A federal court ruled in 2016 that the primary purpose of North Carolina’s law wasn’t to stop voter fraud but to disenfranchise minority voters. The judges wrote that the law targeted African Americans “with almost surgical precision,” in part because the only acceptable forms of voter identification were ones disproportionately used by white people.
The Helms campaign received scrutiny for distributing postcards that the Justice Department later said were meant to intimidate black voters.
Scott said Wednesday that he spoke with the author of a 1991 Justice Department memo that sheds some light on the episode. Scott said he had to speak to the author again “and continue to look at what role [Farr] did play at every facet of the process.”
Farr has denied playing any role in drafting the postcards.
The issue appeared to be of renewed interest Thursday to Sen. Susan Collins (R-Maine), who previously has been supportive of Farr.
“I’m doing research on that,” Collins said of the DOJ memo.
The Senate Judiciary Committee advanced Farr’s confirmation with a party-line vote in January.
Judiciary Committee Chairman Charles E. Grassley (R-Iowa) said Thursday that it was important to recognize that Farr, as a lawyer, was representing the North Carolina legislature and not expressing his own views in the cases that have drawn scrutiny.
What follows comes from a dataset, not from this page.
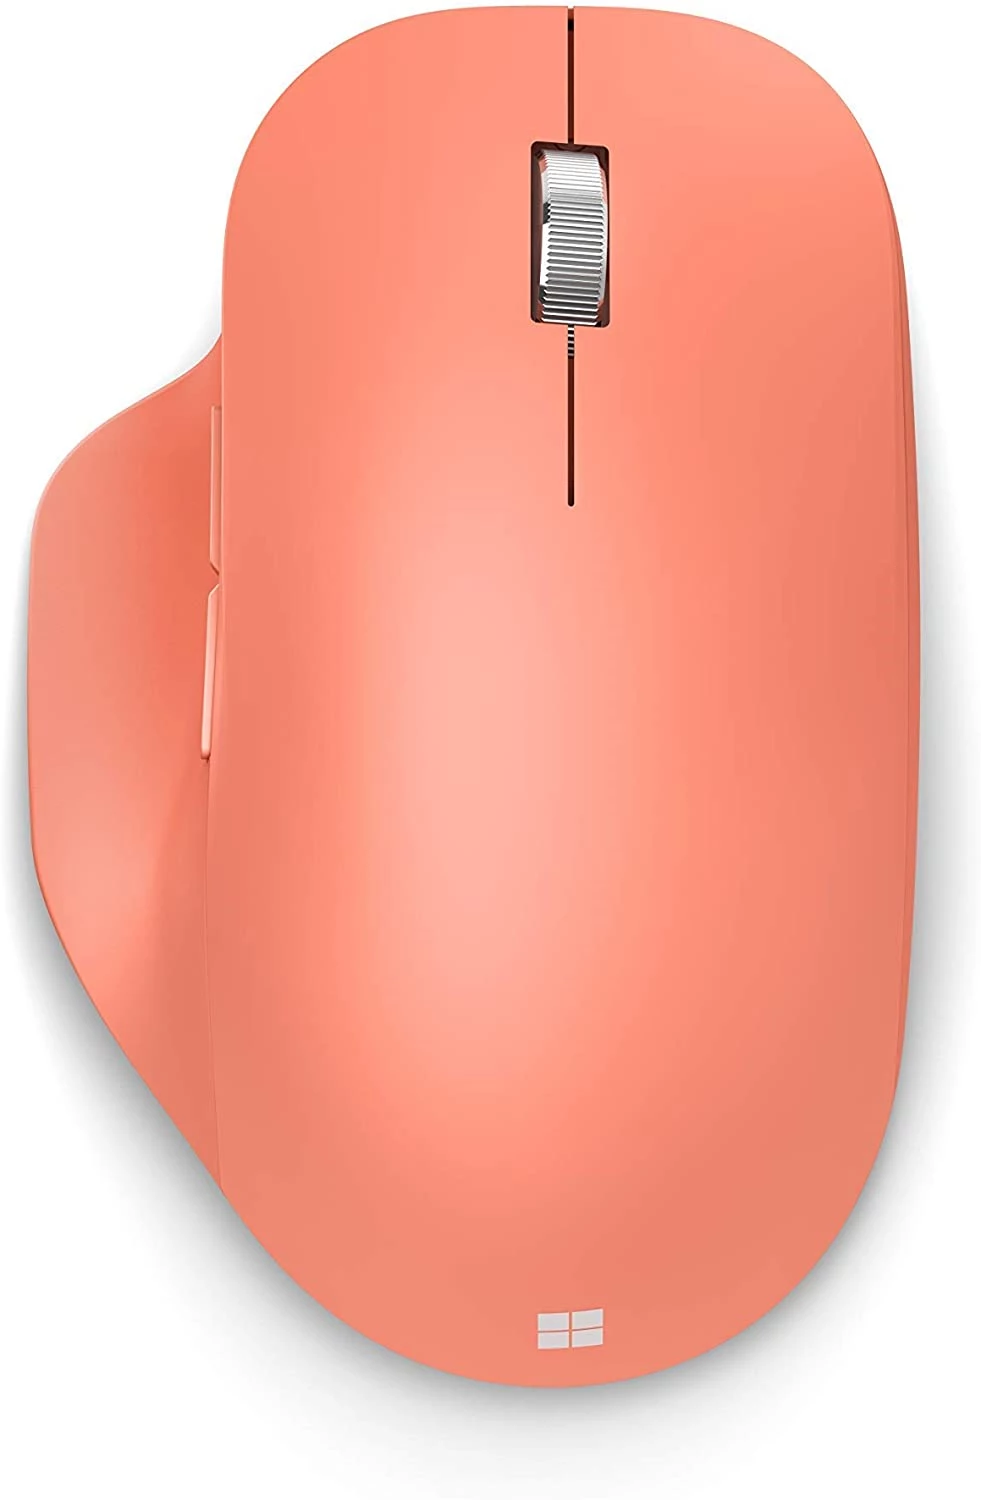 Microsoft Bluetooth Ergonomic Mouse (Peach)

“You ought to represent the views of those who pay you,” Grassley said. “So if the legislature wanted the positions of their laws defended in the courts, then that’s what he was doing. So how can that be an accusation against him?”
Grassley said he also put great stock in the judgment of the two Republican senators from North Carolina — Richard Burr and Thom Tillis — who support Farr.
“You gotta remember, the people that are backing him are credible people,” Grassley said. “I mean, we would be questioning Burr and Tillis’s judgment, and they know him.”
Sen. Marco Rubio (R-Fla.) was among those who met with Scott on Thursday to talk more about Farr’s nomination.
Rubio said he has seen nothing that would lead him to change his mind about supporting Farr.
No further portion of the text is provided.